Same job different notice periods.

(8 Posts)
Witchcraftandhokum Fri 10-Jul-20 15:45:45

3 other people in my organisation do the same job. I started working there 18 months ago and another was employed 3 months after me. The other 2 have been in their role for a number of years. It now transpires that the 2 members of staff who have been there the longest are contracted to give a much longer notice period than the newest member of staff and I. In other words we have different contracts. Does anyone know if this is legal?

OP’s posts: |
ThinkAboutItTomorrow Fri 10-Jul-20 15:47:11

That sounds legal and quite usual to me.

TryAnotherNickname Fri 10-Jul-20 15:48:45

Of course. It’s a negotiation point and quite often a renegotiation over salary will include an increase in notice period. Bear in mind that it works both ways so someone who has to give 6 months notice to leave will also receive 6 mo the pay in a PILON

Witchcraftandhokum Fri 10-Jul-20 15:49:49

Just to be clear, the notice period is not based on time served.

OP’s posts: |
TryAnotherNickname Fri 10-Jul-20 15:52:16

It wouldn’t need to be. Did you negotiate it when you negotiated your contract? Not everyone will negotiate the same points and some people don’t negotiate at all

Witchcraftandhokum Fri 10-Jul-20 15:55:54

Their notice period was increased previously with no negotiation. One of them refused to sign the contract but was told as she came i to work anyway then she had accepted it. It was thought that mine and the other member of staff's contracts said the same but when we've checked they don't. The issue is that the longer notice period would put them at a disadvantage when applying for other jobs.

OP’s posts: |
flowery Fri 10-Jul-20 16:03:06

Yes it’s perfectly legal as long as it’s not for a discriminatory reason. Notice periods are something employers sometimes want to change, so they introduce the new version with newer staff and it’s probably not worth forcing the issue to try and change it with existing staff. So you end up with more than one set of terms until natural wastage eventually means everyone is on the same, as people leave and new staff are on the newer terms.

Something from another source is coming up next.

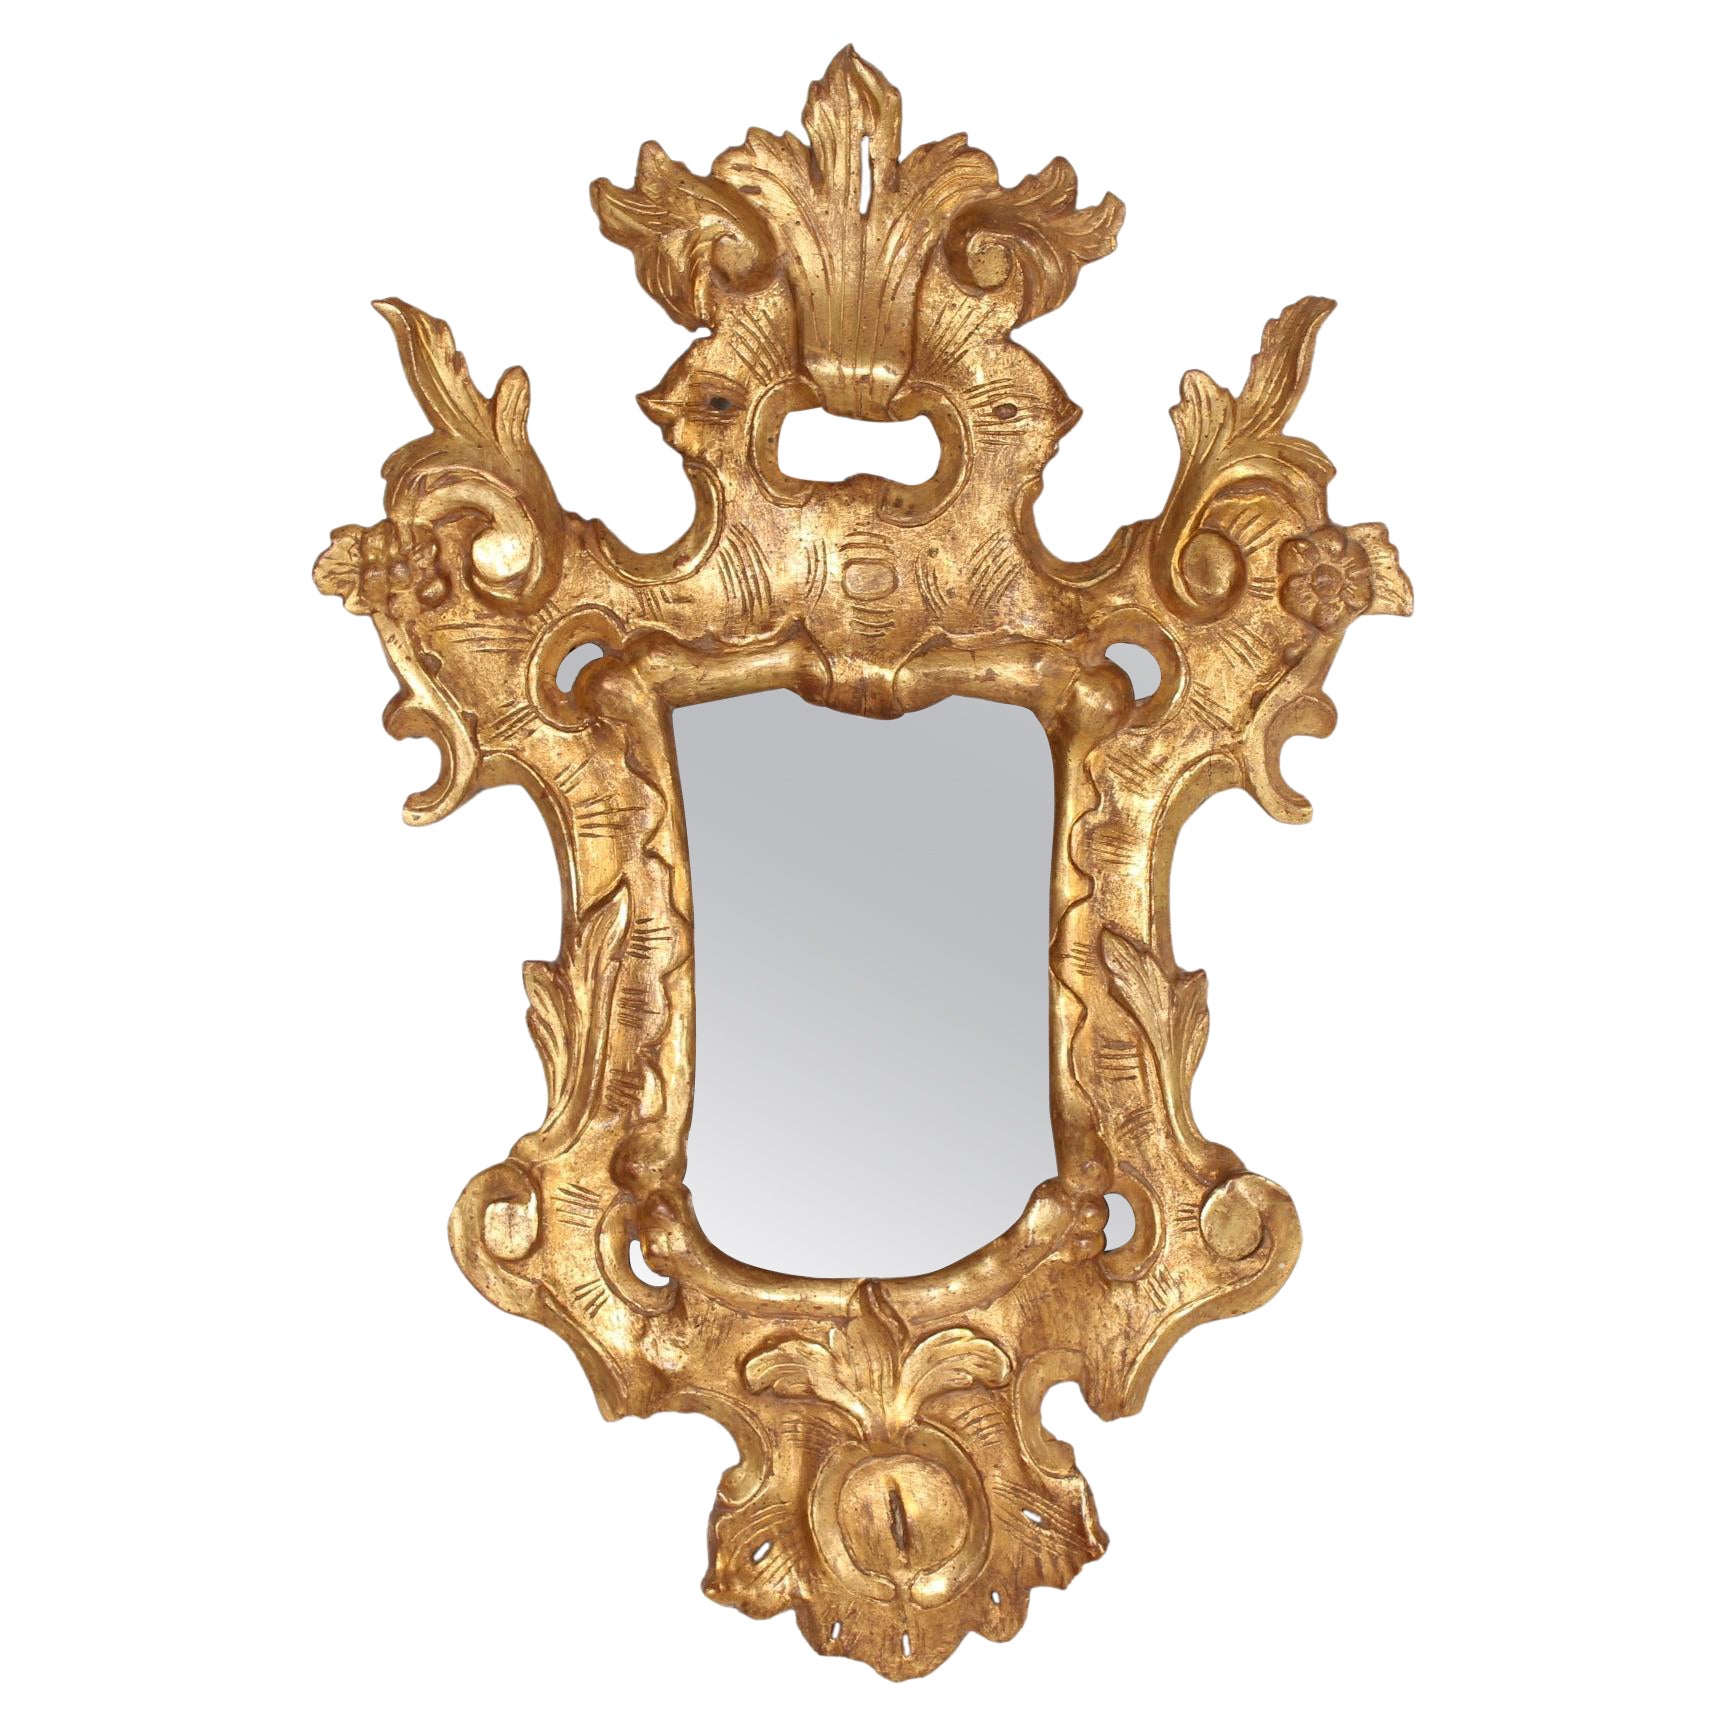 Miroir européen rococo en bois doré avec ornements ajourés + Vieux miroir en verre des années 1800

anniegun Fri 10-Jul-20 16:03:50

Its legal and not unusual. Often longer serving employees are offered longer notice periods (and there does not have to be a policy ). It usually works in an employee's favour as it will mean a better financial package if they were dismissed or made redundant. Often a reduction in a notice period can be negotiated if you want to leave as no-one wants an employee that wants to go being forced to hang on.